Now, move to the next edge in l, call it e_2. Check if e_2 is in C_{e_1}. If yes, halt and print NO. Else, create the set C_{e_2} of edges from the underlying graph that cross e_2, and remember this set until the function outputs YES or NO. Next, consider e_3. If e_3 is in the union of C_{e_1} and C_{e_2}, then halt and print NO. Else, create C_{e_3}, etc.

-Write a program which runs the function just described on each possible input in L, then throws out all the NO paths, and returns only the YES paths.

Example:

```
d = {1:[2,4,5], 2:[3,4,5,6], 3:[6], 4:[2,5], 5:[3,4,6]}
D = DiGraph(d)
D.all_simple_paths(starting_vertices=[1], ending_vertices=[6])
```

I'm drawing this graph as two squares, glued together along the edge 2--5, with an "X" inside each square (which is what sage output when I tried G=Graph(d), then show(G), and this is the embedding I had in mind).

This gives the following output:

```
[[1, 2, 6],
[1, 5, 6],
[1, 2, 3, 6],
[1, 2, 5, 6],
[1, 4, 2, 6],
[1, 4, 5, 6],
[1, 5, 3, 6],
[1, 2, 4, 5, 6],
[1, 2, 5, 3, 6],
[1, 4, 2, 3, 6],
[1, 4, 2, 5, 6],
[1, 4, 5, 3, 6],
[1, 5, 4, 2, 6],
[1, 2, 4, 5, 3, 6],
[1, 4, 2, 5, 3, 6],
[1, 5, 4, 2, 3, 6]]
```

First, I would like to filter this output so that only the longest simple paths are given (which forms the set "L"). EDIT: This can be done with list comprehension as follows. Let F_1 = D.all_simple_paths(starting_vertices=[1], ending_vertices=[6]). Then using [x for x in F_1 if len(x) > 5] leaves only longest simple paths:

```
[[1, 2, 4, 5, 3, 6],
[1, 4, 2, 5, 3, 6],
[1, 5, 4, 2, 3, 6]]
```

Finally, note that the last longest path [1, 5, 4, 2, 3, 6] is a NO path, since it has an edge self-intersection (according to how we are drawing the underlying graph): the first edge 1-->5 will be crossed by the edge 4-->2 later in the path. As the first two longest simple paths listed above do not have any edge self-intersections, they are YES paths, and the final output of the program should be:

```
[[1, 2, 4, 5, 3, 6],
[1, 4, 2, 5, 3, 6]]
```

Welcome to Ask Sage! Thank you for your question.

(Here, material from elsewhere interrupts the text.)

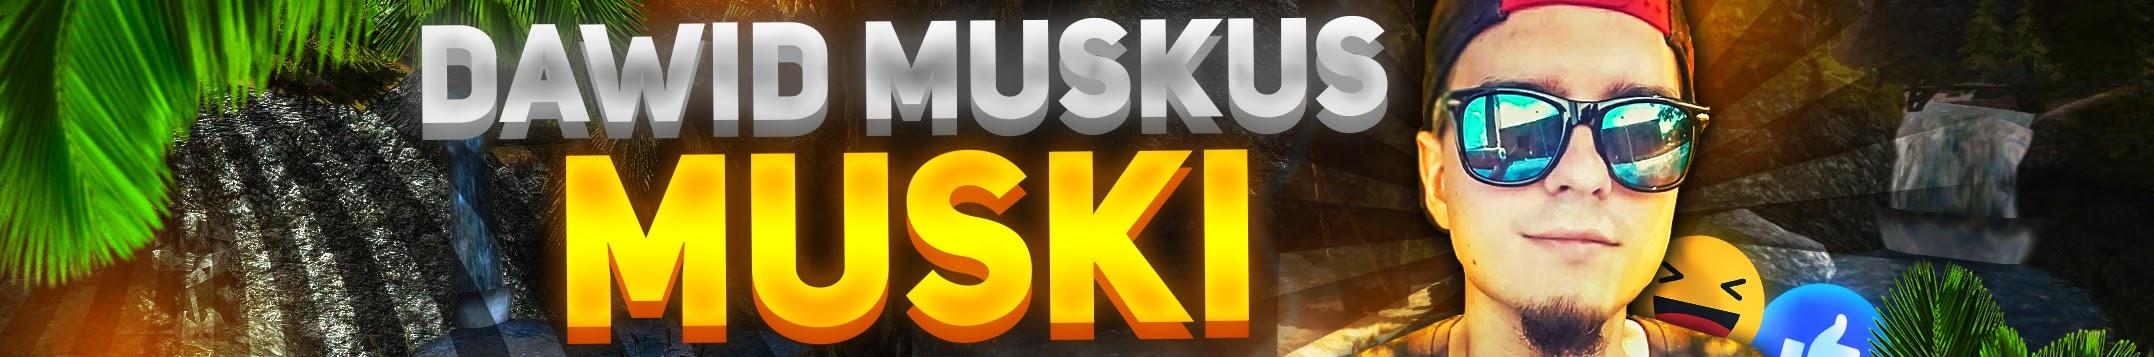 Muski

Can you clarify what you are looking for. Depending on the constraints, it might be sufficient to filter the paths returned by method

`all_simple_paths`

to keep only what you need, or you need a different method.Thanks for your comment David, I edited the post. Hopefully what I am looking for is more clear now.

The problem you want to solve is difficult. The problem of finding the longest path is already NP-complete. Furthermore, I assume you want the maximum number of non-crossing longest paths, so fixing a path and searching for other non crossing paths is not a good solution. You may obtain a solution with a single path while there is a solution with many non-crossing paths (avoiding the first one).

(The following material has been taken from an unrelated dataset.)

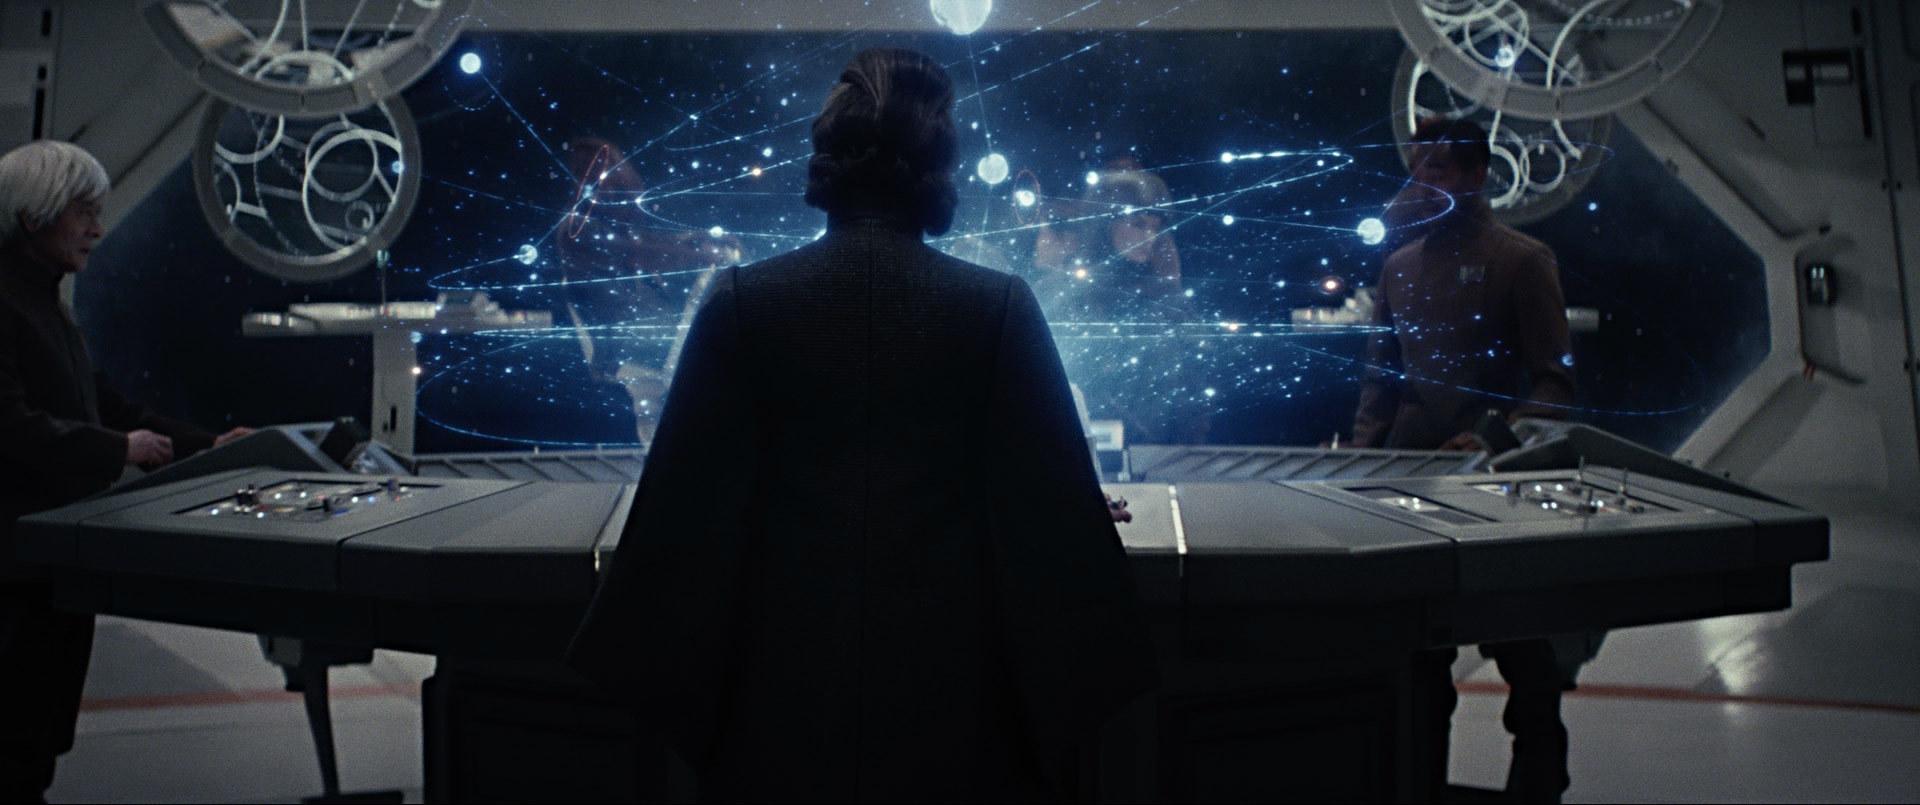 star-wars-the-last-jedi-review-leia

This problem can certainly be solved using integer linear programming since you can express the crossings from your embedding as constraints.

"

Furthermore, I assume you want the maximum number of non-crossing longest paths"You seem to be implying that I am looking for the largest set of longest paths, such that all paths in this largest set have no edge crossings between them. This is not the case.

Instead, I want the number of all non-

self-crossinglongest paths - I do not care if any edge from path 1 crosses any edge from path 2, where path 1 and path 2 are any two longest paths without self-crossings. I only care that, for eachindividualpath, say path A for example, that no edge from path A crosses any other edge from path A.